Ibunda Ismail pun mengikuti Ibrahim dan mengatakan, „wahai Ibrahim, engkau mau ke mana? (kenapa) engkau meninggalkan kami di lembah sunyi dan tandus ini,‟ dia
mengatakannya berkali-kali tetapi Ibrahim tidak menoleh sedikitpun kepadanya. Dia bertanya, „apakah Allah memerintahkanmu?‟ Ibrahim berkata, „ya‟. Dia berkata,
„kalau begitu, dia tidak akan menyia-nyiakan kami.‟ Lalu dia kembali. Ibrahim terus berjalan hingga sampai di sebuah bukit, di tempat yang tidak terlihat oleh orang-orang. Ibrahim berdo‟a seraya mengangkat kedua tangnannya, „Ya Rabb, sesungguhnya aku telah menempatkan sebagian keturunanku di lembah yang tidak mempunyai tanam-tanaman di dekat rumah-Mu (Baitullah) yang dihormati,; sampai, „mereka bersyukur (QS. Ibrâhîm [14]: 37).

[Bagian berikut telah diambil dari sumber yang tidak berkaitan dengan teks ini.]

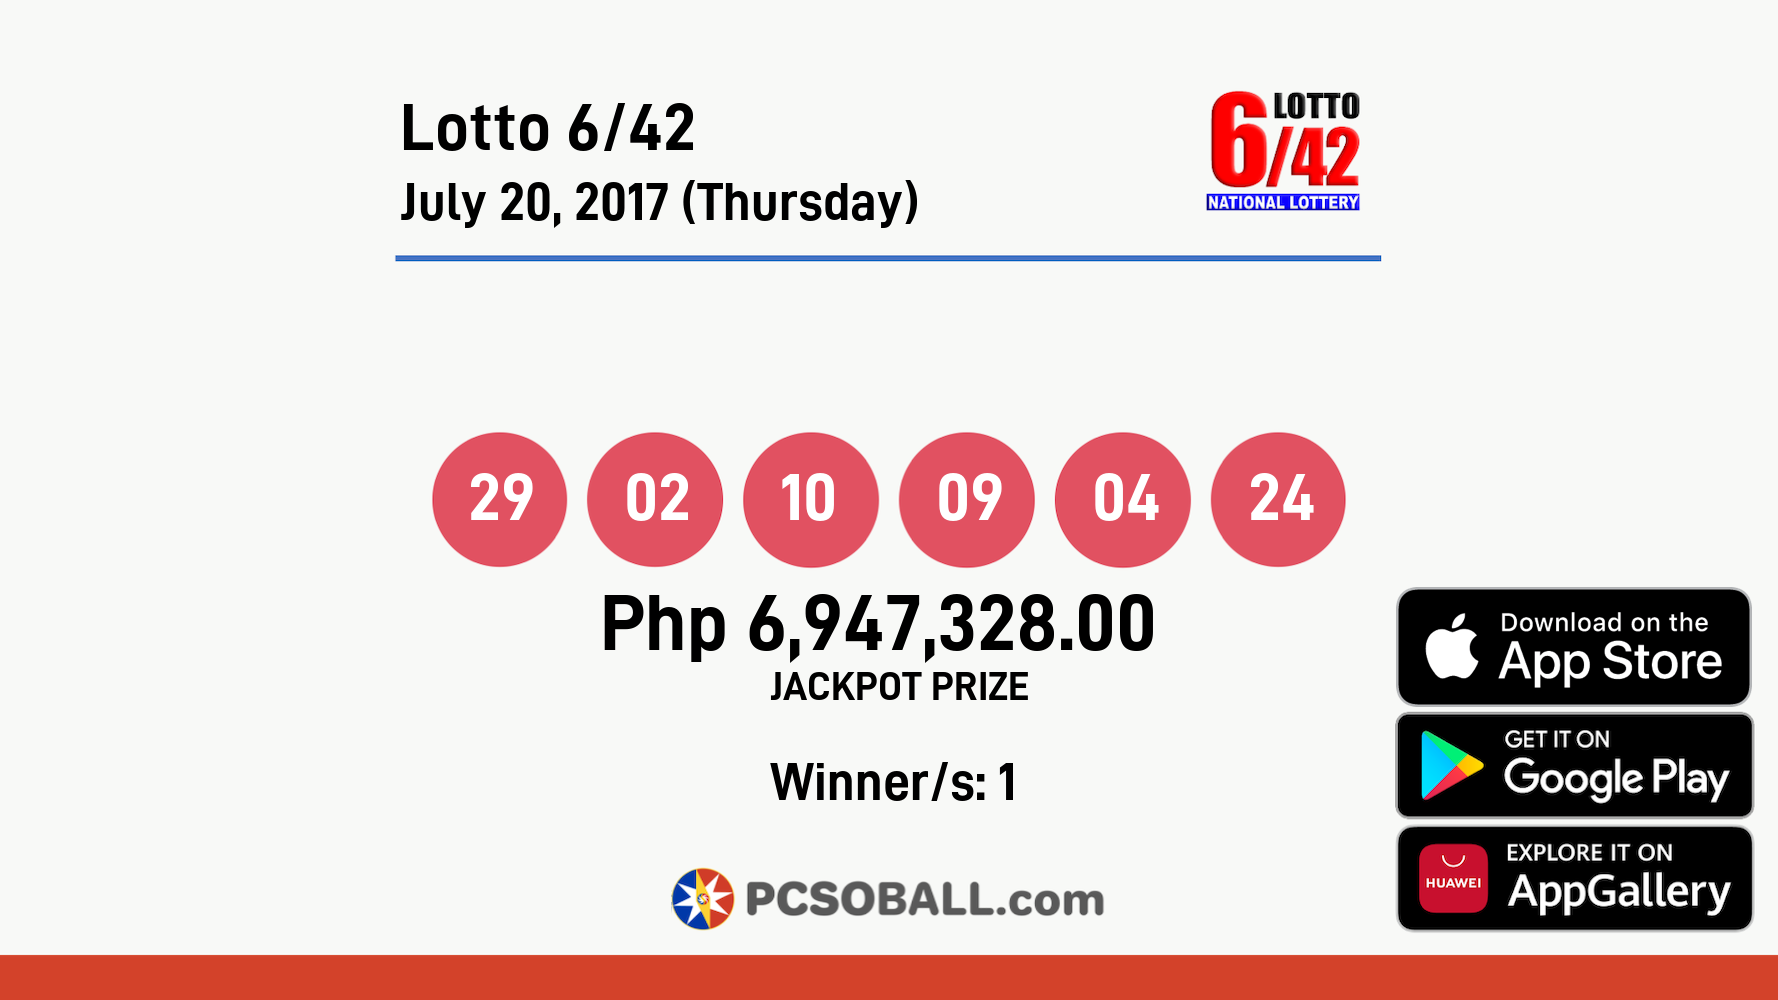 Lotto 6/42 July 20, 2017 (Thursday) Result

Kemudian ibunda Ismail mulai menyusui Ismail dan meminum air hingga ketika air di dalam kantong airnya habis, dia dan anaknya kehausan. Dia melihat anaknya menggeliat (kehausan). Dia pun pergi karena tidak tega melihatnya. Dia mendapati bukit terdekat dengan tempatnya yaitu bukit Shafa, maka dia (pergi ke sana) lalu berdiri menghadap ke lembah untuk melihat apakah ada orang, namun dia tidak melihat seorangpun. Kemudian dia turun dari Shafa hingga ketika sampai di lembah, dia mengangkat ujung pakaiannya kemudian berlari sebagaimana larinya orang yang sedang ditimpa kesulitan (mencari pertolongan) hingga melewati lembah. Kemudian dia tiba di Marwa dan berdiri di atasnya untuk melihat apakah ada orang, namun dia tidak melihat seorangpun. Dia melakukannya sebanyak tujuh kali.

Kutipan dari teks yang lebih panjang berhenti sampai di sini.